What is expected: Please give the whole listing again exactly, without any of its pictures.

Given material:
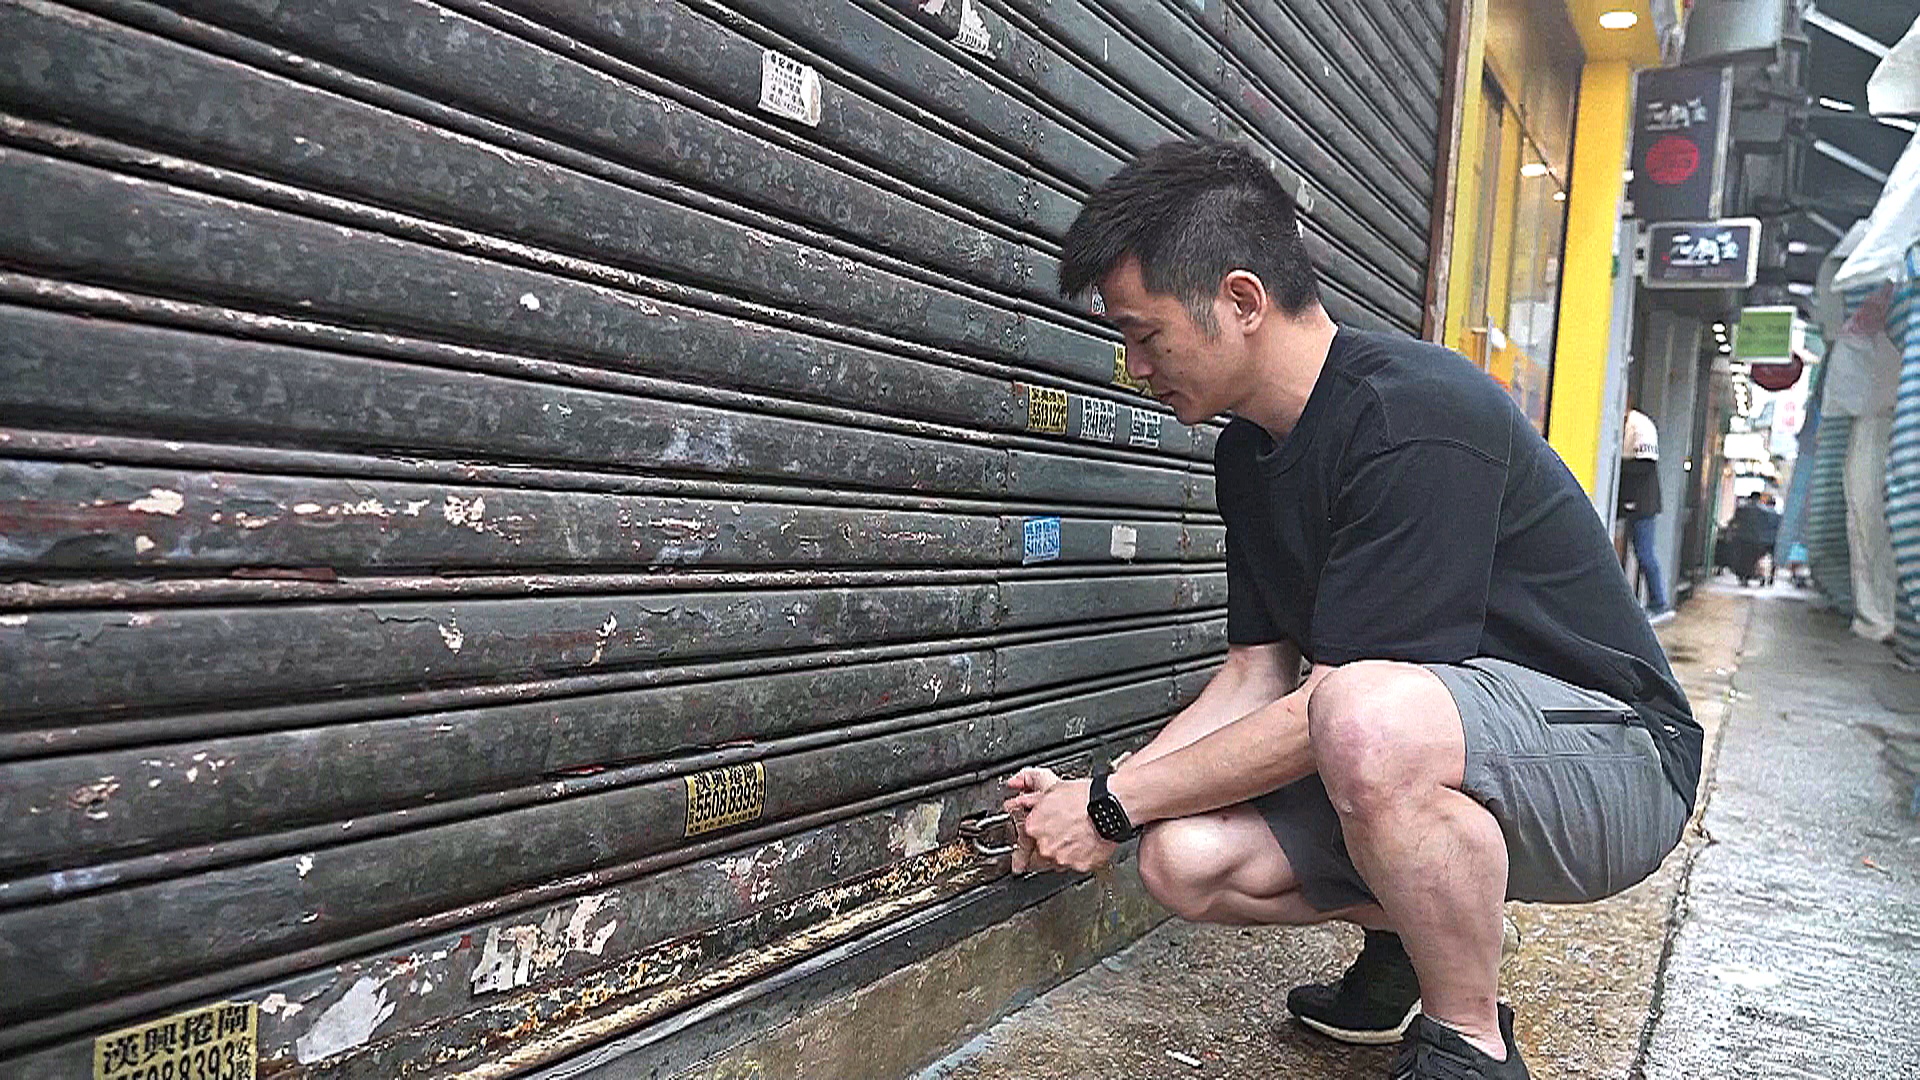 Бизнесмены Гонконга вынуждены закрывать магазины
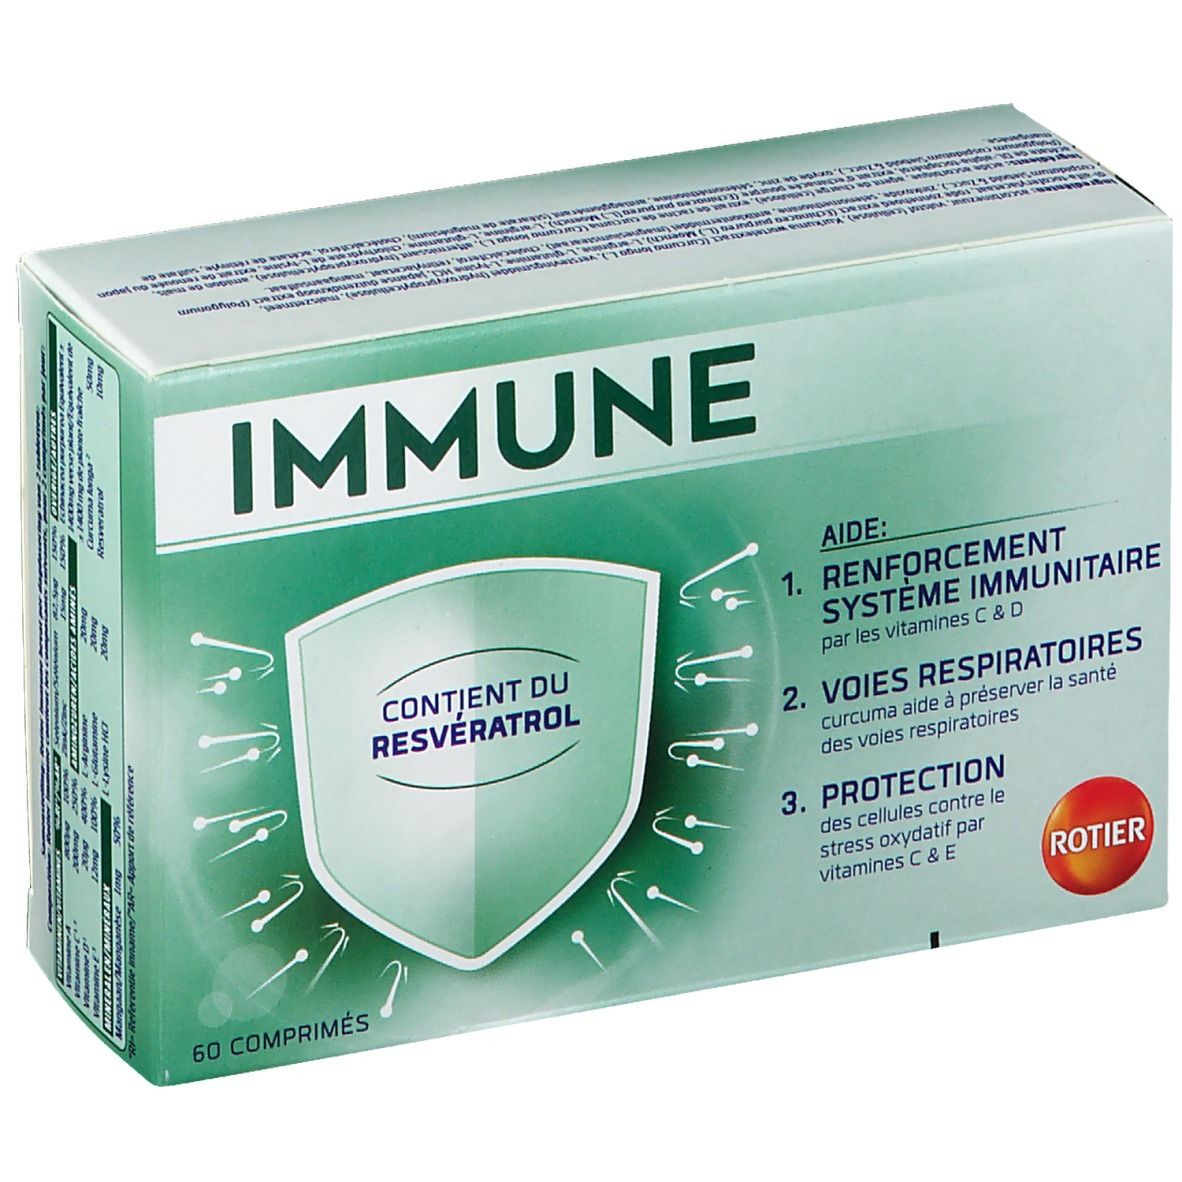 Rotier Immune - Système immunitaire, Voies respiratoires, Protection
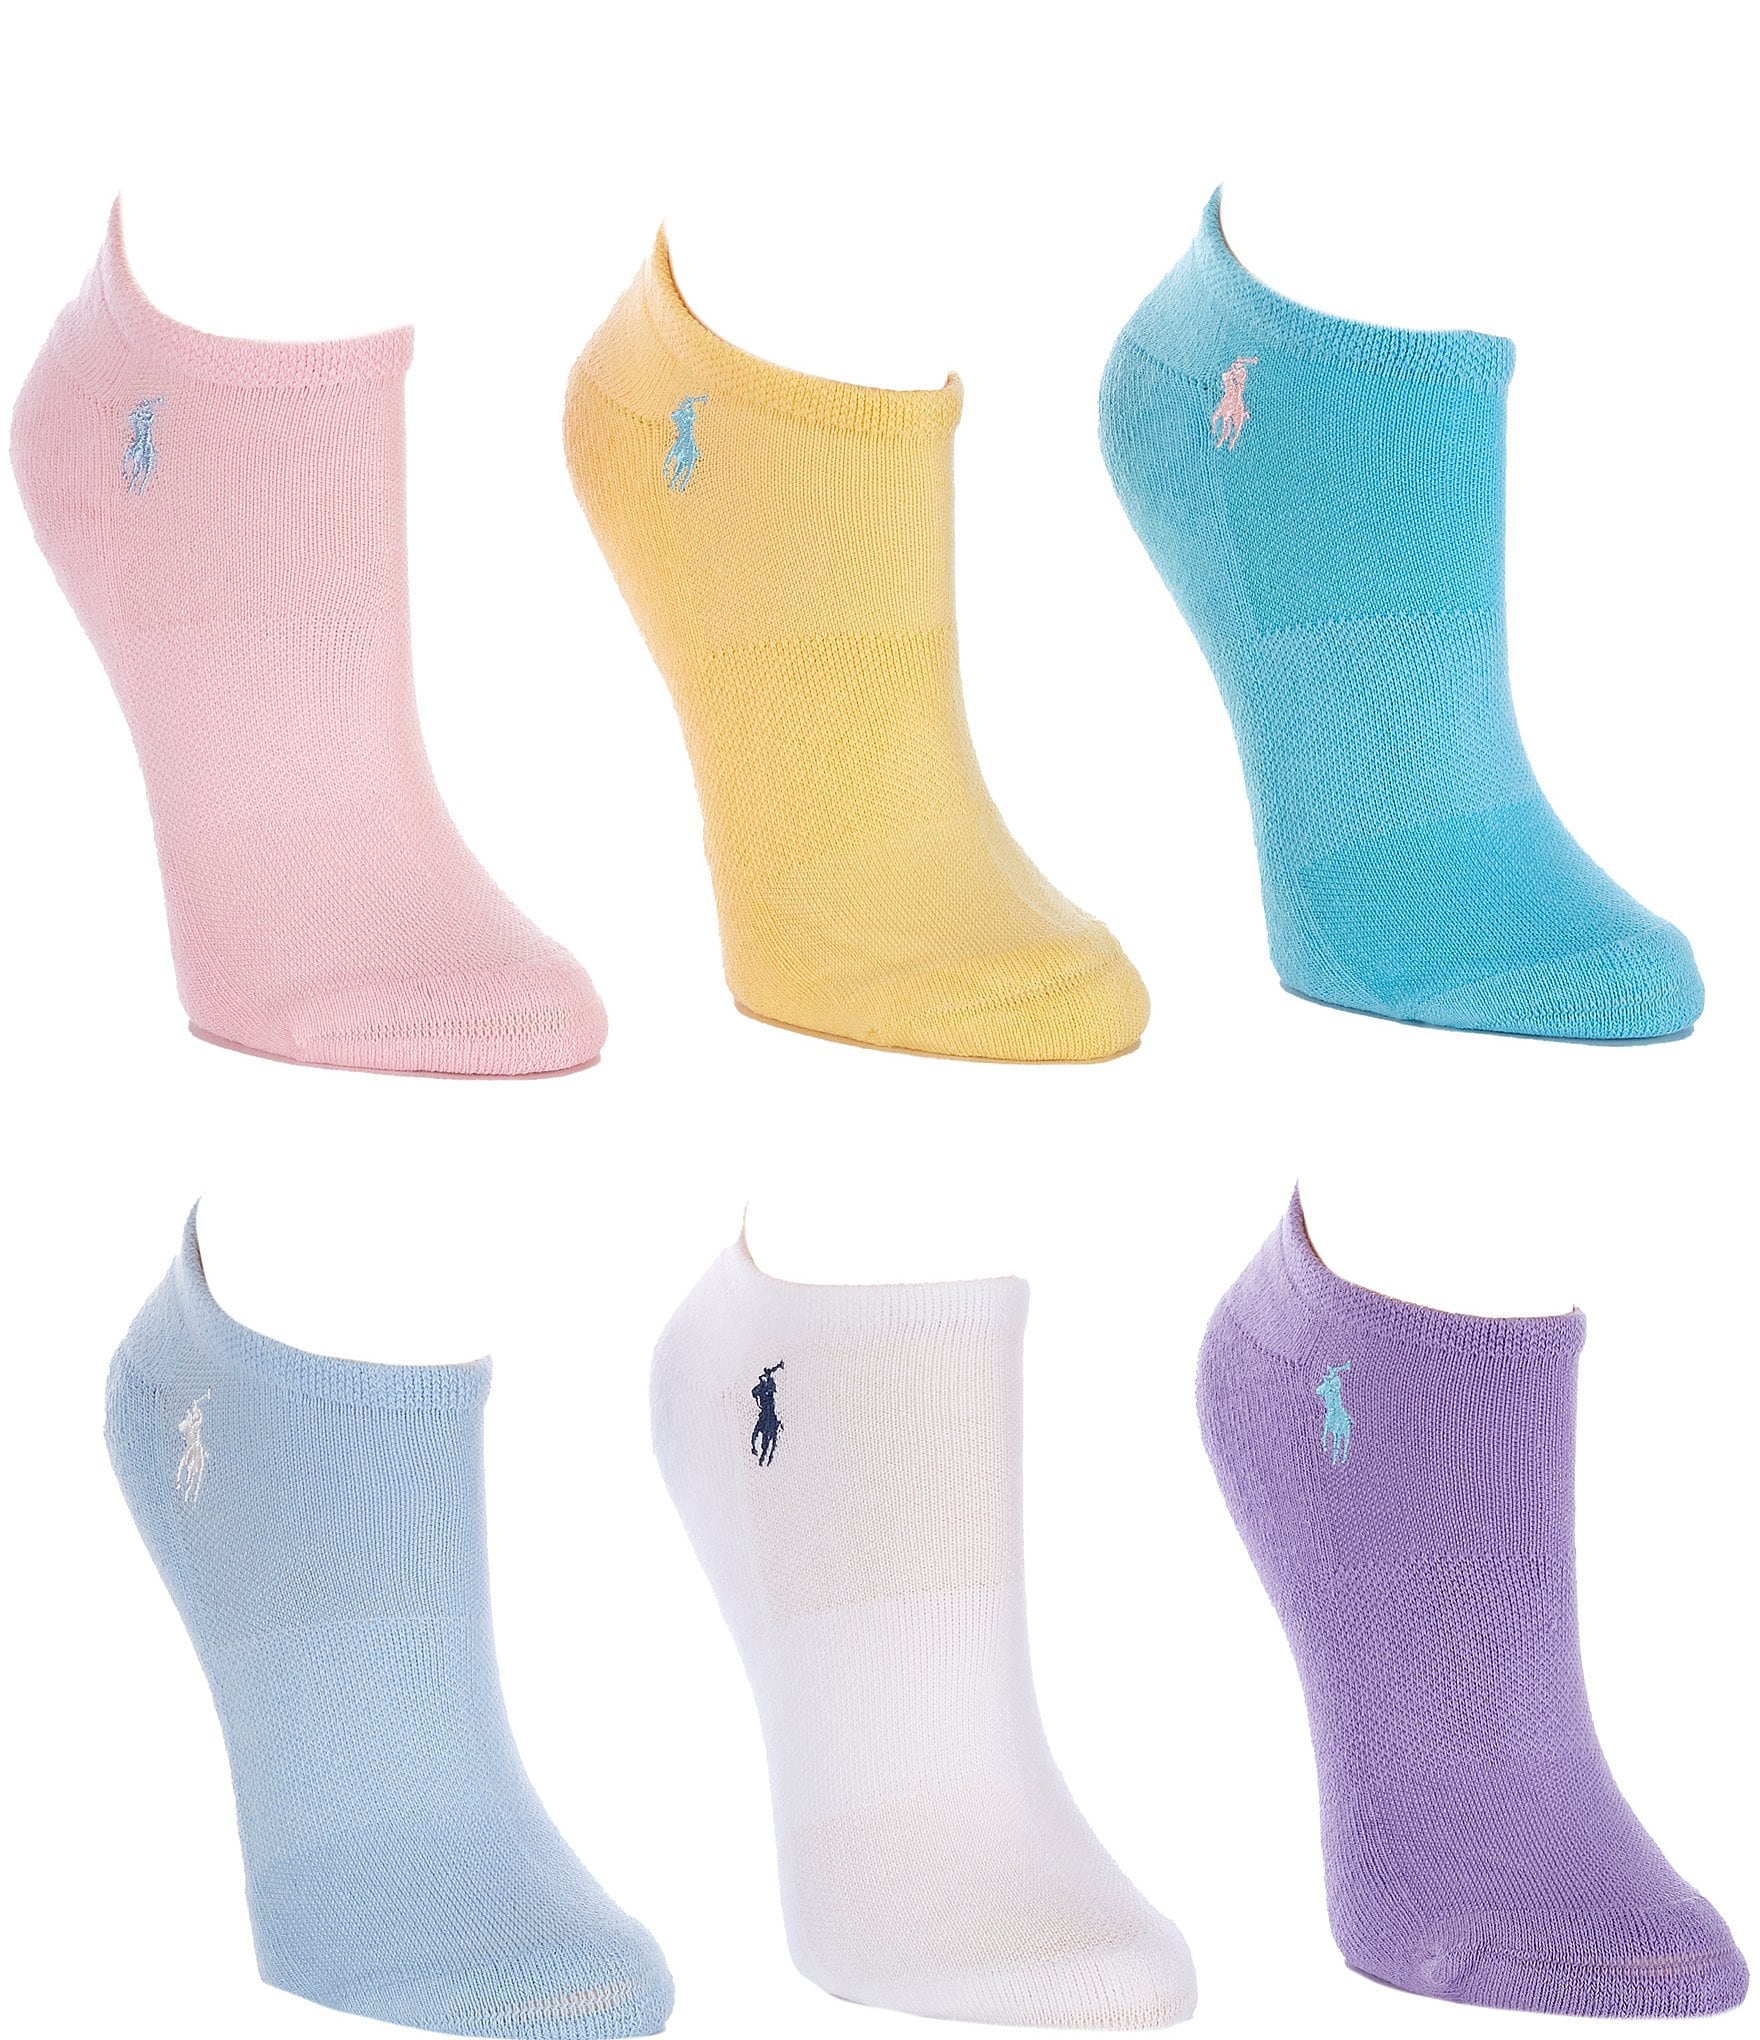 Polo Ralph Lauren Free! Athletic Socks for Women
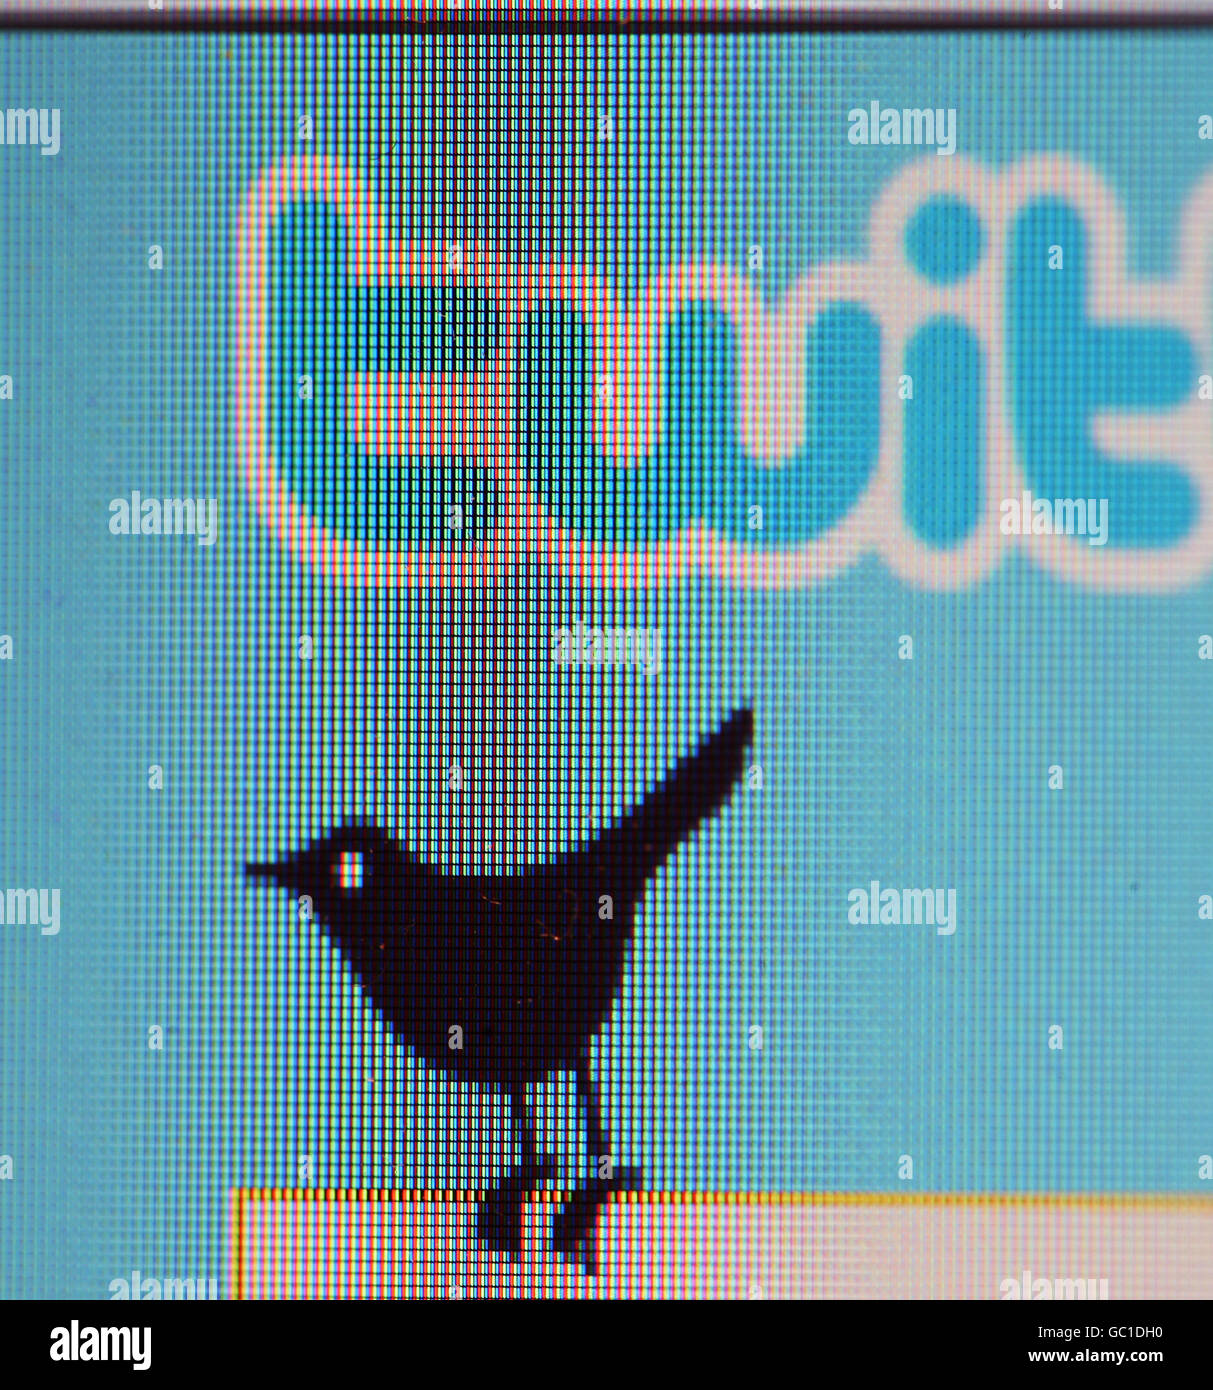 El icono de Twitter se muestra en un ordenador portátil. Foto de stock

Output of the exercise:
 Бизнесмены Гонконга вынуждены закрывать магазины
 Rotier Immune - Système immunitaire, Voies respiratoires, Protection
 Polo Ralph Lauren Free! Athletic Socks for Women
 El icono de Twitter se muestra en un ordenador portátil. Foto de stock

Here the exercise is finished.